1 hour ago, Rubysea said:

Hello community!

@Cazzesman : "A simple way" to better and cheper adapt the Kiis to your room is using the Kiis themselves 🙂 With the current firmware (v1.0.7) you have control over a lot of recently introduced new filters (w. 1.0.5): Low Pass, High Pass, Low Shelf, High Shelf, Notch, Parametric EQ with a constant Q, Parametric EQ with a proportional Q in the range of +3db to -24db (and that per channel/ Kii Master - Kii Slave)

I've tried that myself and with a UMIK1 + the Kii Control directly linked into REW I have done a lot of measurements and immediate corrections and thus could completely tame a terrible room mode around 40Hz.

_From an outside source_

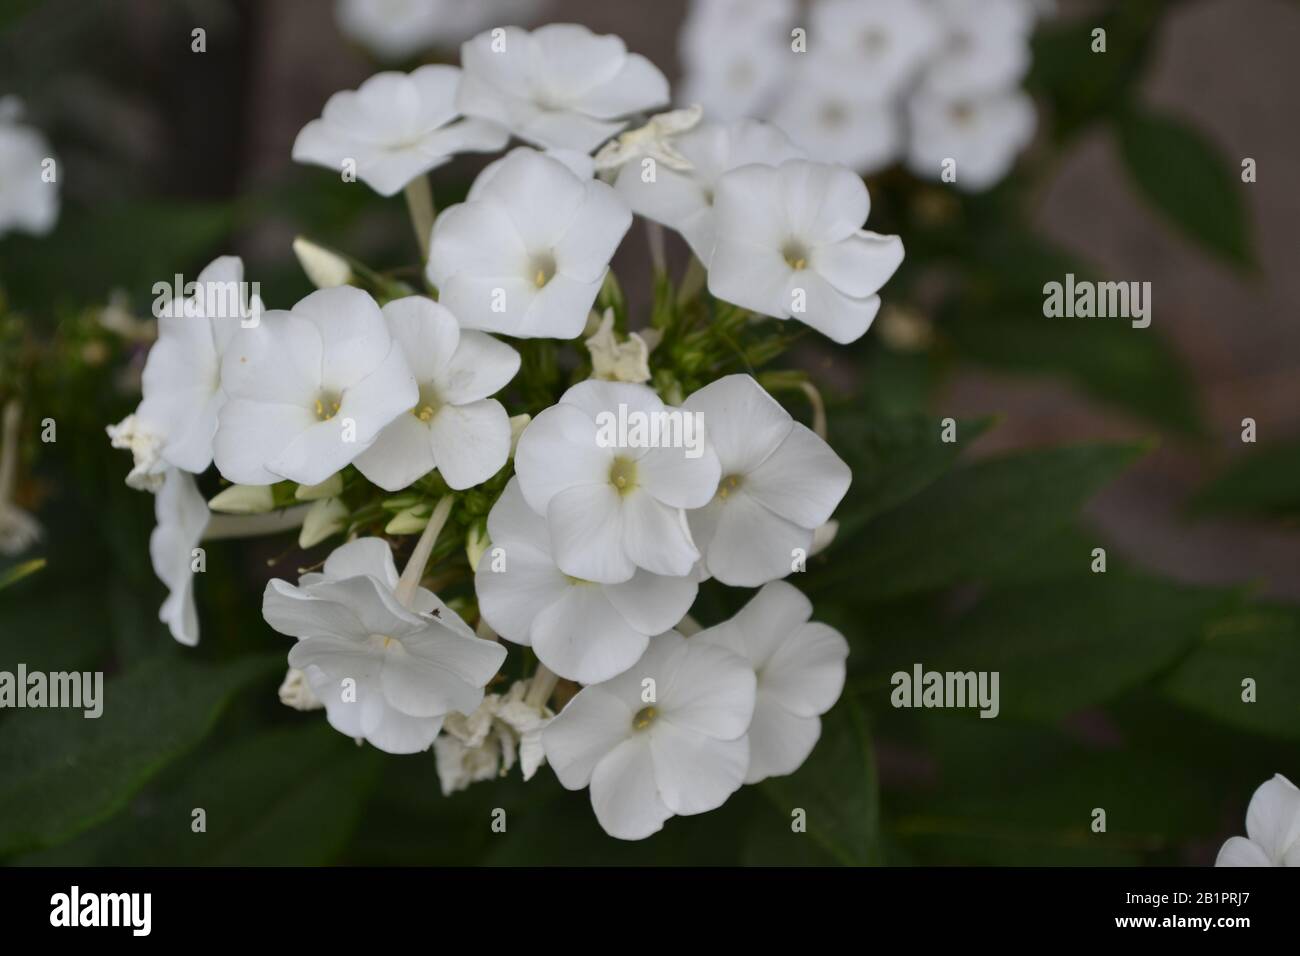 Phlox. Polemoniaceae. Growing flowers. Flowerbed. Garden. Floriculture. White inflorescences. Beautiful flowers. Green leaves. Horizontal photo Stock Photo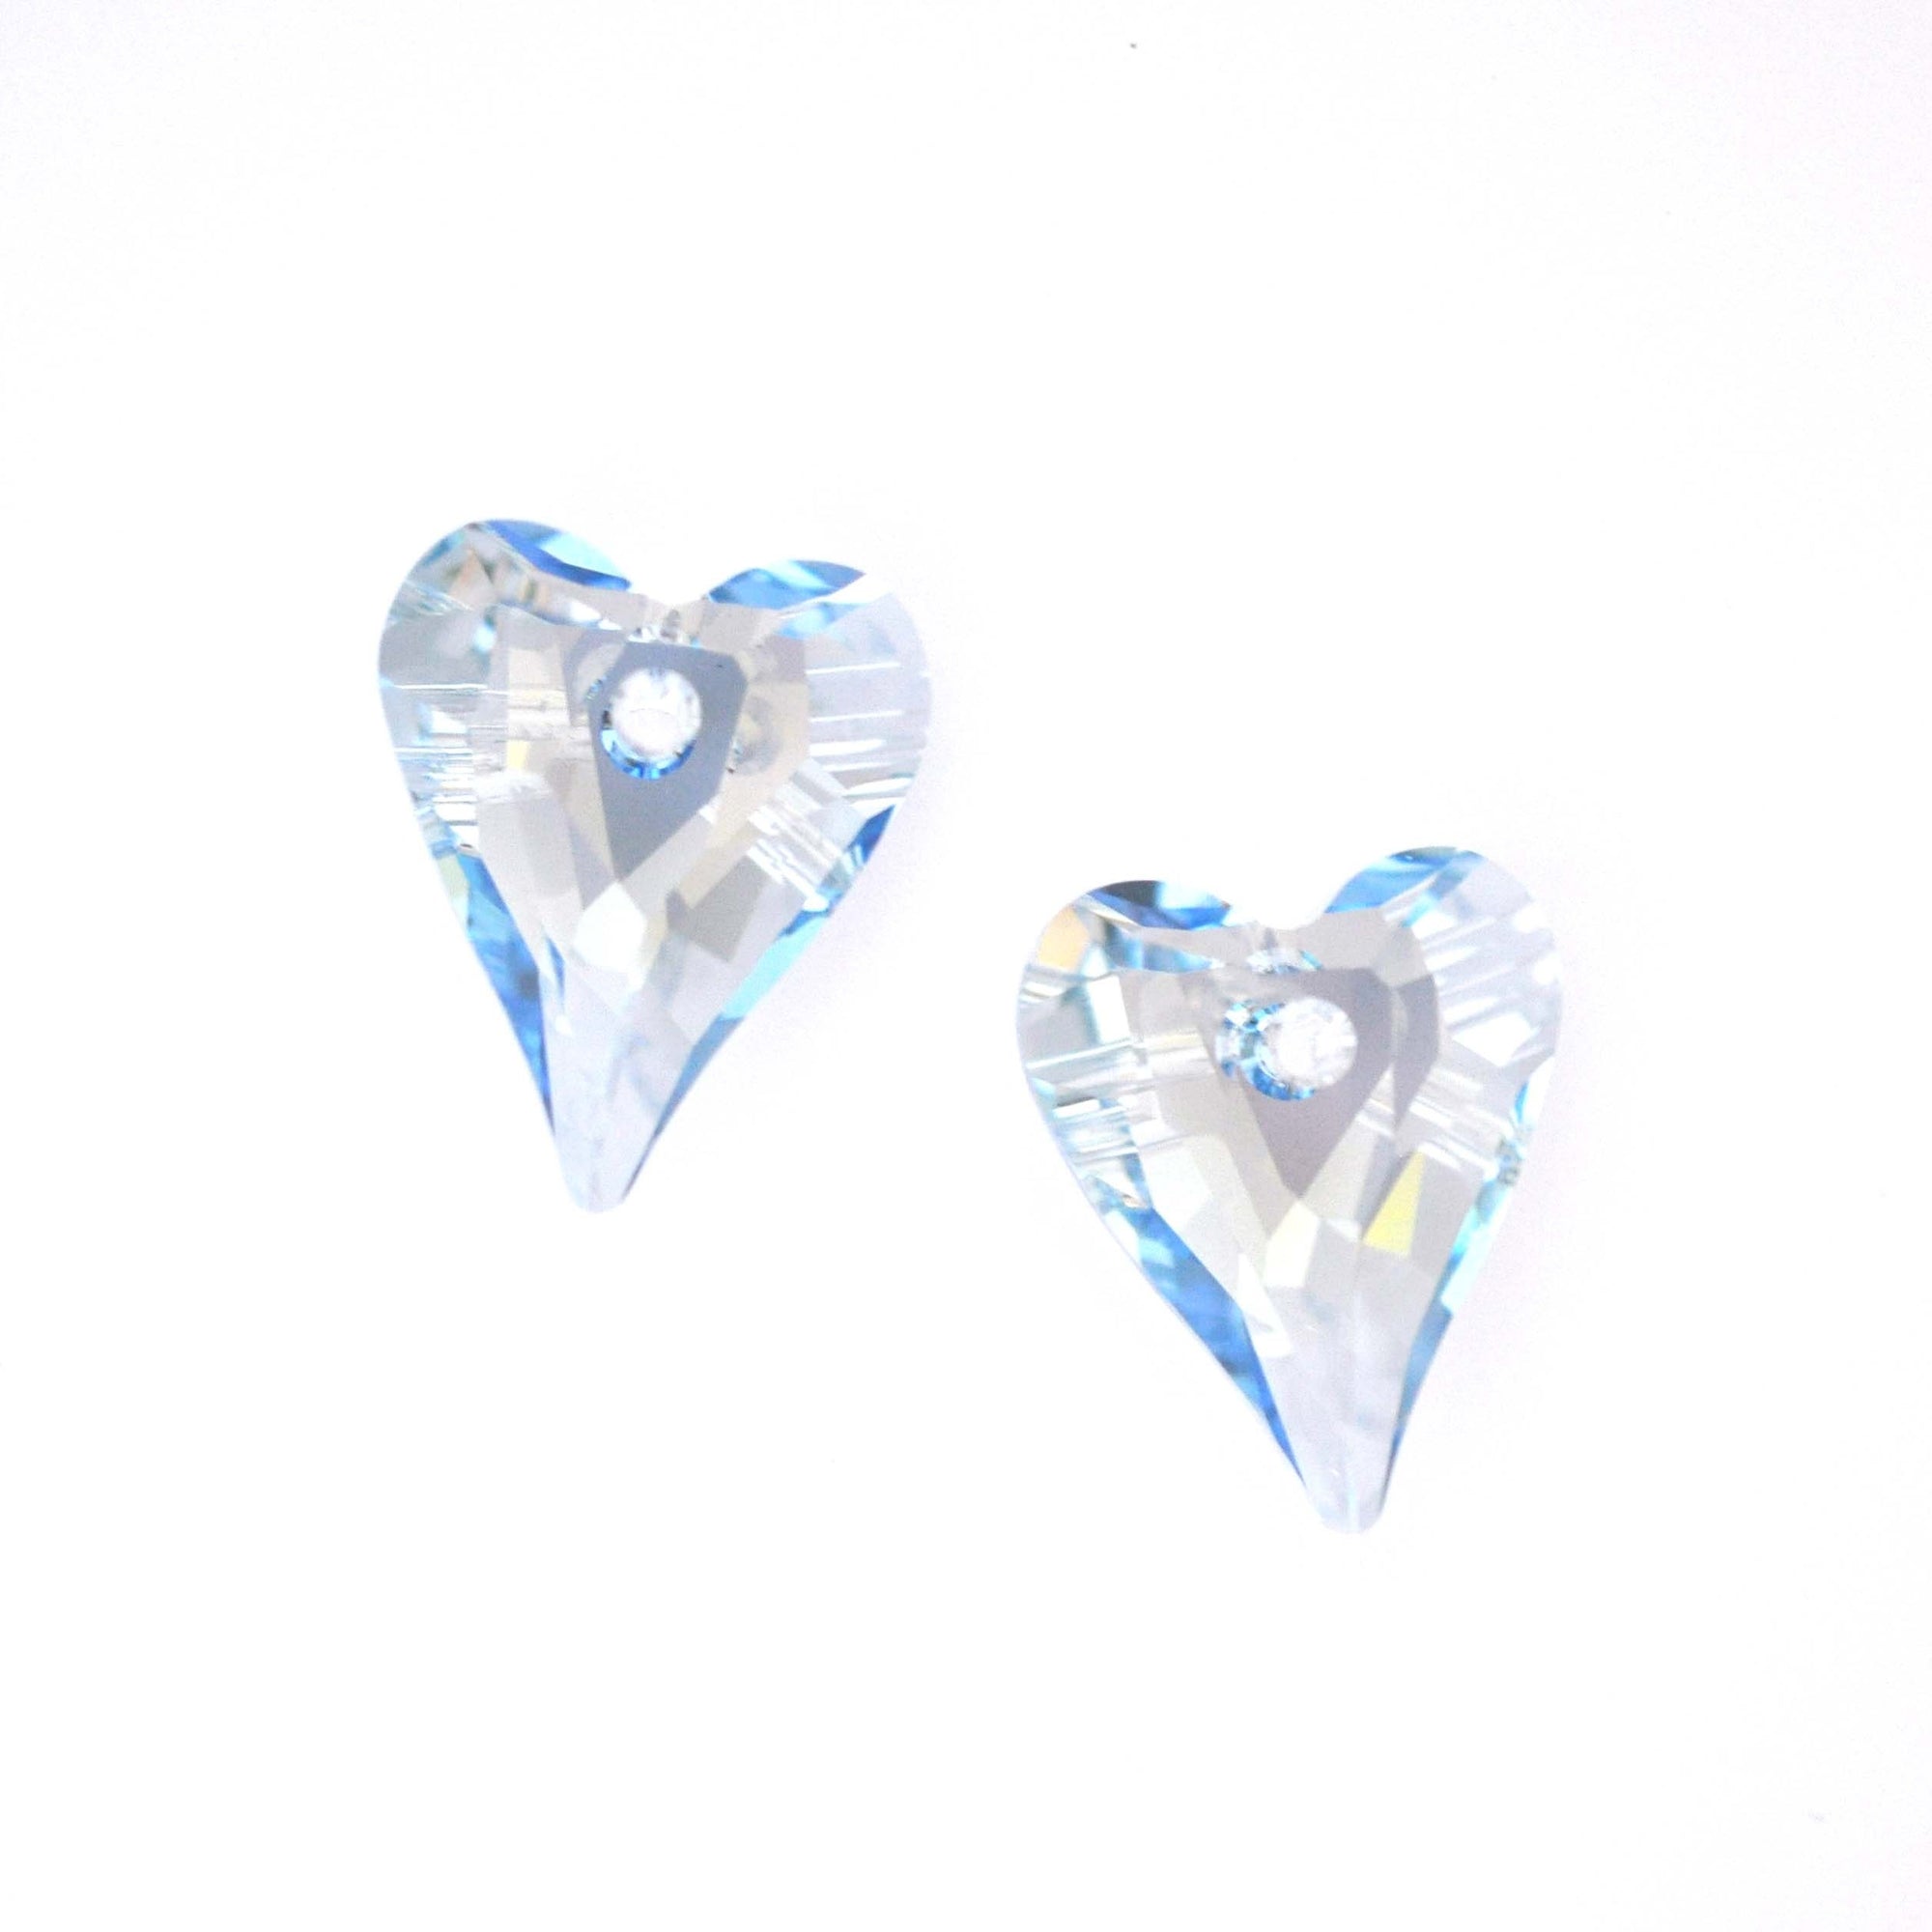 Blue Shade Embrace Heart Pendant 27mm 6240 Barton Crystal - 1 Heart

I guess you should get in contact with Kii (Tom Jansen) to get access to the updated FW (and change log). An Update-tool is available for Win and Mac in case you don't alreadyhave access to it. The FW also updates the DSP and Kii-Control (where on the Apple remote you now can also switch between presets instead of only sources previously 🙂)

BR Rubysea

 Wait! What? When did this happen? That's a major improvement of the interface if they've added per channel PEQ functionality? How many filters can be added per channel? I'm amazed they've not made a bigger song and dance about that, as it was the one thing the 8c's had that the Kii Three's didn't!